From the Twelve
Fruits With Potential Value-Added and Culinary Uses
by Ken Love, Richard Bowen, and Kent Fleming
Pomegranate
Scientific
name: Punica granatum L.
Family: Punicaceae
Origin: Iran, Afghanistan, India
One
of the earliest cultivated fruits, mentioned in ancient Egyptian
mythology, the pomegranate is steeped in history and tradition. Early
travelers carried the fruit throughout the Middle East and Northern
Africa. The fruit became the symbol of the lands of Armenia. Eating
pomegranate was said to “purge the system of envy and
hatred.” Recent worldwide popularity of the fruit and its juice
is due to the health benefits from antioxidants in the fruit.
Spanish
settlers first reported pomegranate in California in 1769. The fruit is
commonly referred to as grenade or granada or by the Persian names
dulim or dulima. In Japanese the fruit is called zakuro, and it is
sometimes sold under that name in Hawai‘i. Dr. F.J.F. Meyen first
observed it in Hawai‘i in 1825, and Hiram Bingham reported it for
sale in a Honolulu market in 1831.
Cultivars
There
are hundreds of known pomegranate varieties. The USDA germplasm
repository in Davis, California, has 189 accessions from many parts of
the world. Pomegranates can be divided into four groups based on skin
color: dark red, yellow-green, black-violet, and white. Plants do not
come true from seed, and therefore seedling trees in Hawai‘i are
highly variable in quality. Compared to cultivated varieties, seedling
trees often have larger seeds that make up over half of the
fruit’s weight. In India, the seeds are used for culinary
purposes, and some varieties reflect this by having 70 percent of the
fruit weight being seeds. A cultivar from California named
‘Wonderful’ is found in Hawai‘i.
‘Grenada’, a patented variety that matures a month earlier
than ‘Wonderful’, is also found here.
Pomegranate flower
Environment
Pomegranate
trees tolerate a wide range of soils and are very tolerant of drought.

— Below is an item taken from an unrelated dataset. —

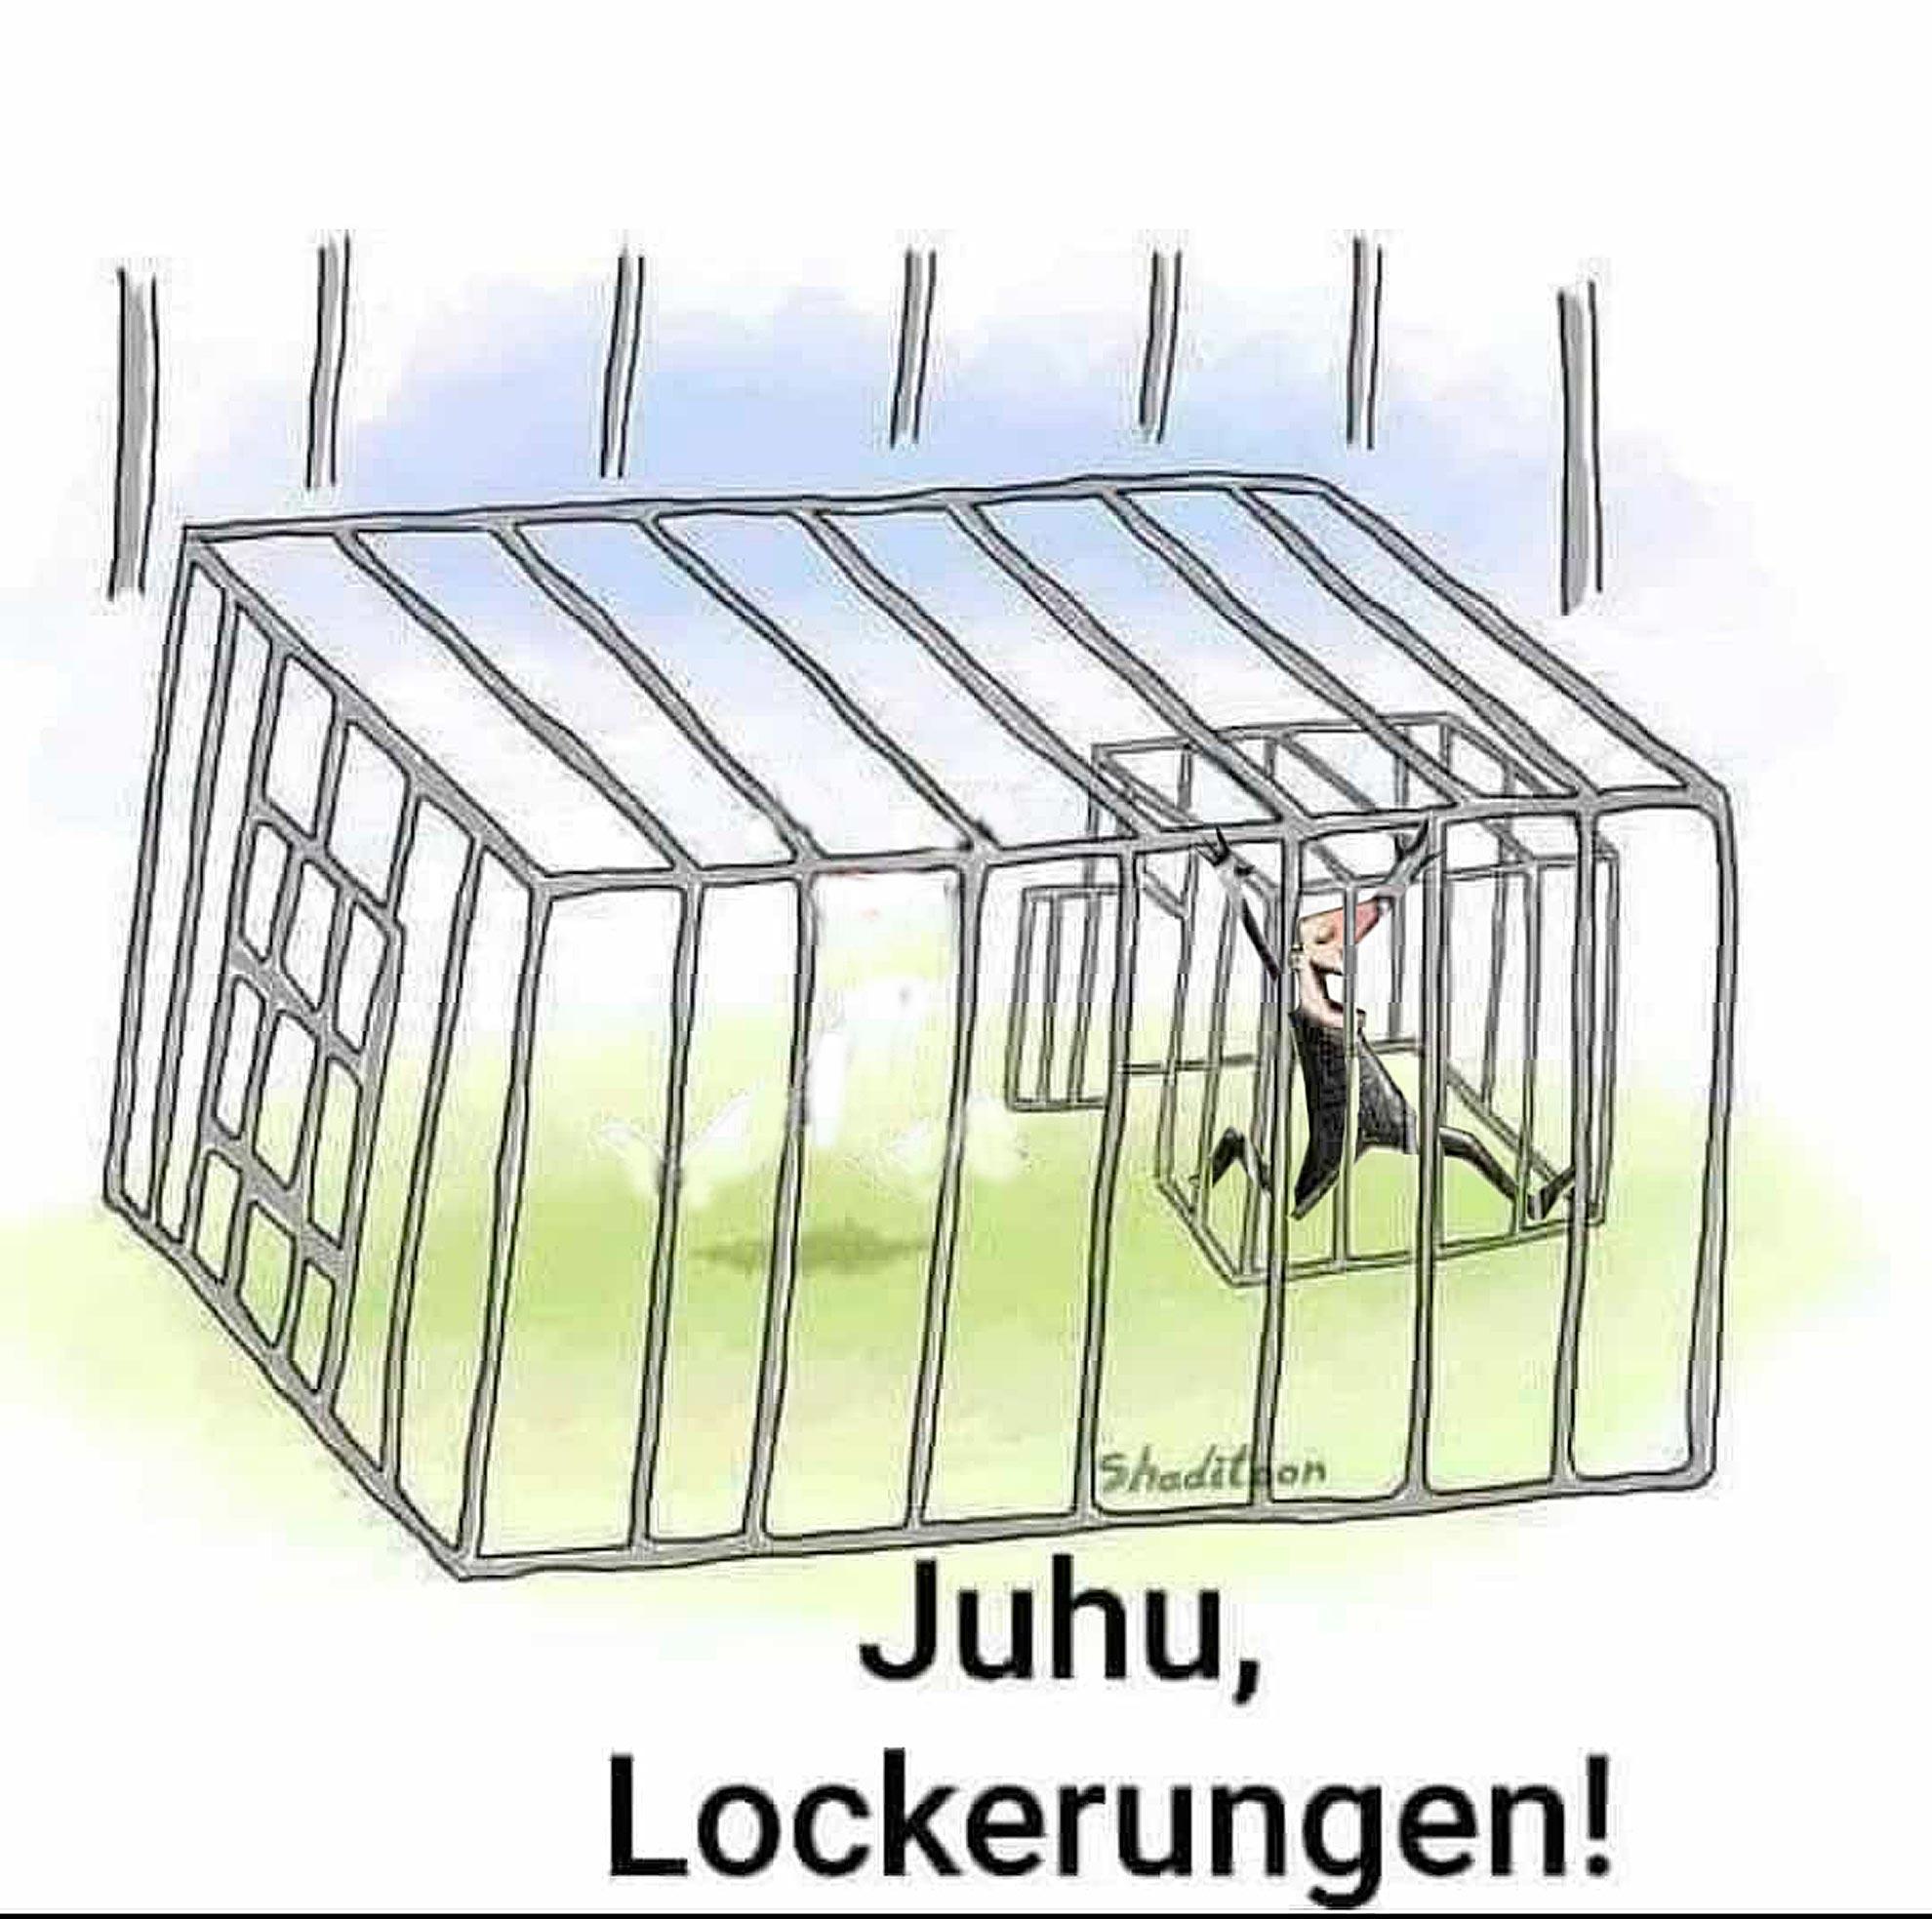 Juhu Lockerungen

Irrigation is used to guarantee fruit production, as trees will not
flower in extended periods of drought.
Trees are spaced 15–20
feet apart in commercial orchards. Generally, 20-foot spacing is used
in large orchards to facilitate weeding and field maintenance. Wide
spacing and planting in full sun allows enough light to reach the fruit
to ensure coloration.
The red flesh covering the seeds is the edible portion
Horticulture
Pomegranate
requires an active pruning regime for the first 3 years in the field.
After planting, the low side shoots should be cut off to leave one or
more trunks. The tree is a vigorous grower, with many root shoots and
suckers that should be removed, as they generally do not bear fruit,
and they grow rapidly at the expense of fruiting wood. Fruit forms only
at the tips of new growth. Branches should be shortened to encourage
new shoots, and the tree should be kept low to facilitate harvesting.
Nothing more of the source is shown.